Tuesday, February 22, 2011

February 22, 2011 – It Pays to Shop Around

Here’s an eye-opening statistic: “Most Americans will spend more time comparison-shopping for flat screen TVs than searching for the best doctor possible.”

Kairol Rosenthal, an author who cites this statistic, is a cancer survivor who proudly tells of how she works the system:

“I approach the challenges of the system as if I’m on a personal vendetta. I crush the system like a superhero who has grown a hundred times my size. I sleep at night knowing I have done everything within my power to influence my outcomes. This is my definition of well-being.”

That’s beyond proactive.

Not everyone would put it so zealously, but she’s got a point about the importance of getting second opinions. We don’t survive cancer by just sitting back and waiting for medical professionals to do things for us. We’ve got to question, to research, to learn. We’ve got to insist that our doctors give us the time and information we need to make informed decisions. We’ve got to learn the art of negotiating with insurance companies. We’ve got to keep track of those test results and make sure they get forwarded to the proper specialists. We’ve got to become our own best advocate.

I’ve been fortunate, that way. I feel blessed to have the sorts of doctors who give me far more than the time of day, and aren’t put off by talk of second opinions. But that doesn’t mean I can slack off on my homework.

There is an alternative, of course. We could just sit home and watch that flat-screen TV.

Saturday, February 19, 2011

February 19, 2011 – Incidentaloma

A couple weeks ago, I had another of my periodic PET/CT scans, which are becoming as routine as that sort of thing can possibly be. When I called Dr. Lerner’s office for the test results a week later, the nurse called me back and said the PET scan had revealed some unexplained “uptake” on the left side of my thyroid gland, in the area of the small nodule detected last time around.

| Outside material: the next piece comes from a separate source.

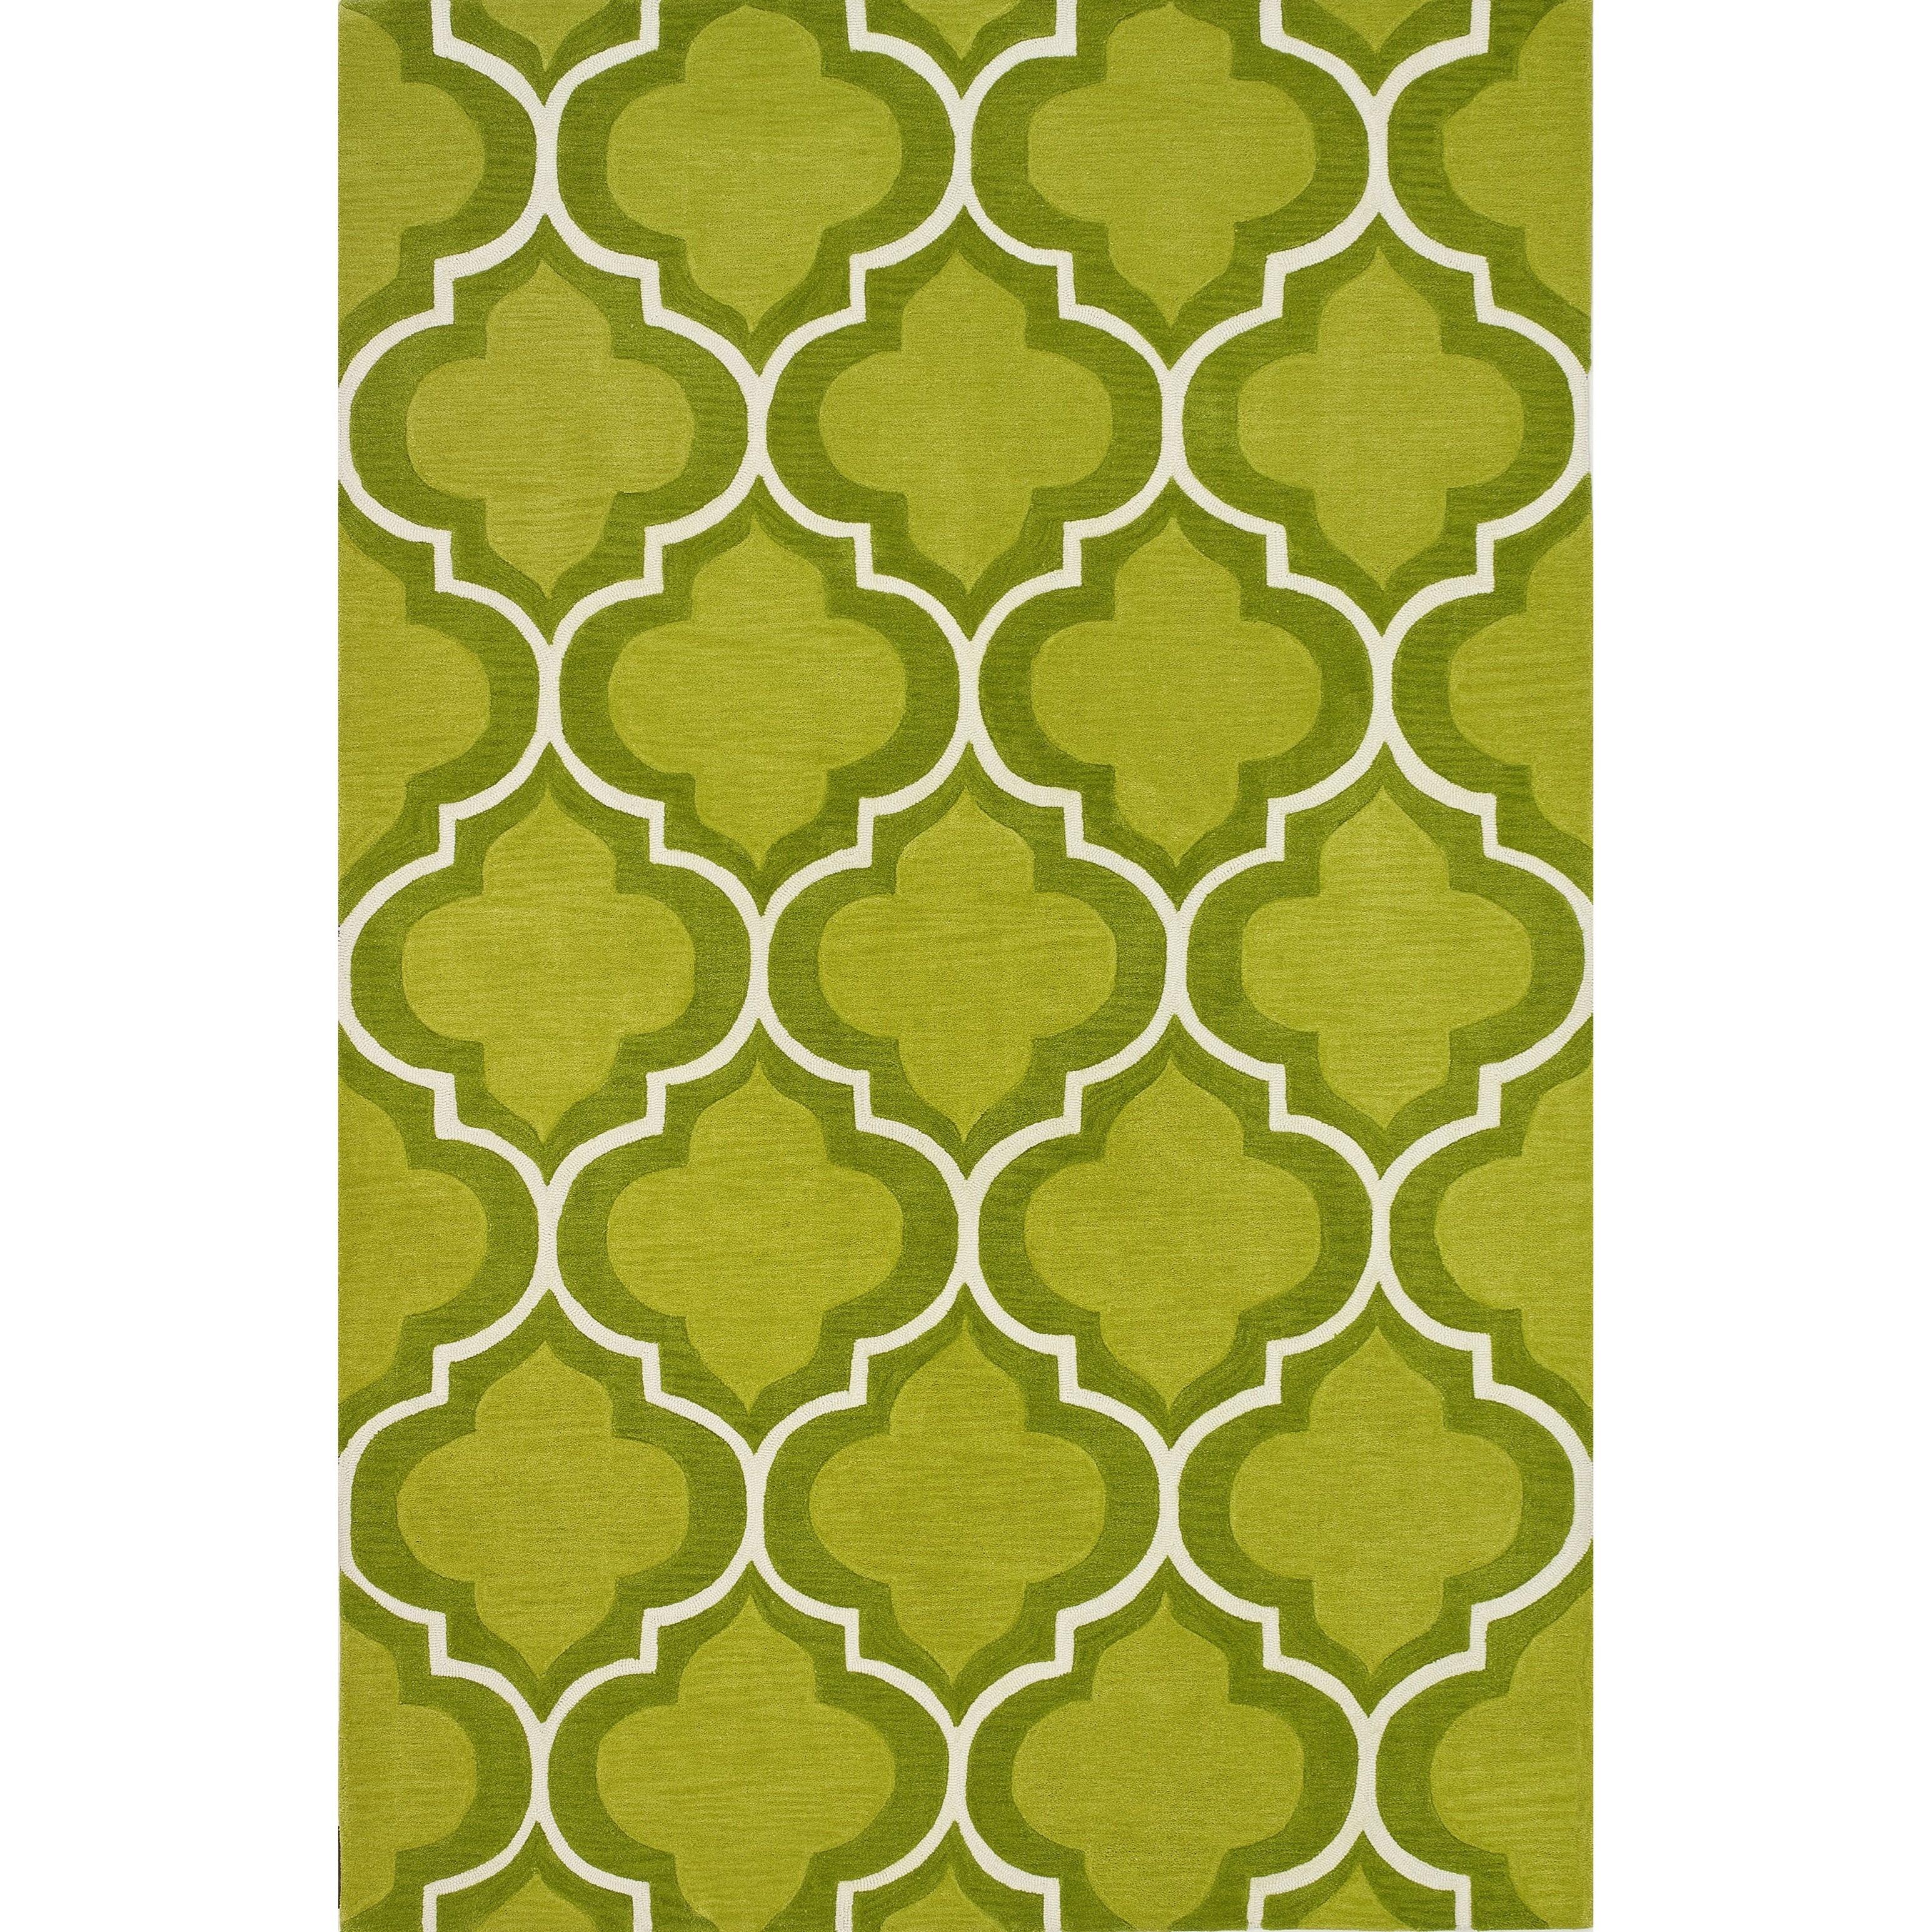 Dalyn Infinity Lime 9'X13' Rug - Item Number: IF3LI9X13

On that earlier occasion, Dr. Lerner had referred me to Dr. Jay Sher, an endocrinologist. After subsequent tests, Dr. Sher pronounced the nodule too small to be concerned about, and not large enough to biopsy. He did say it bore watching, though.

Well, it’s no longer so small. On Wednesday I had a follow-up CT scan and ultrasound. Yesterday, I got a call from Dr. Lerner, who informed me it’s doubled in size, from about .80 cm to about 1.60. A centimeter and a half still sounds pretty insignificant to me, but I suppose in the world of endocrinology that calls for a closer look.

So, that’s what we’re going to do. As soon as I hung up after Dr. Lerner’s call, I phoned over to Dr. Sher’s office – it was just before closing time – and left a message. Dr. Lerner’s staff is faxing the scan results over. Someone from Dr. Sher’s office wil call back on Monday, presumably with a referral for an ultrasound-guided needle biopsy.

Dr. Lerner assured me there’s nothing to worry about just yet – most thyroid nodules are benign – but, still, it’s not something to leave unexamined.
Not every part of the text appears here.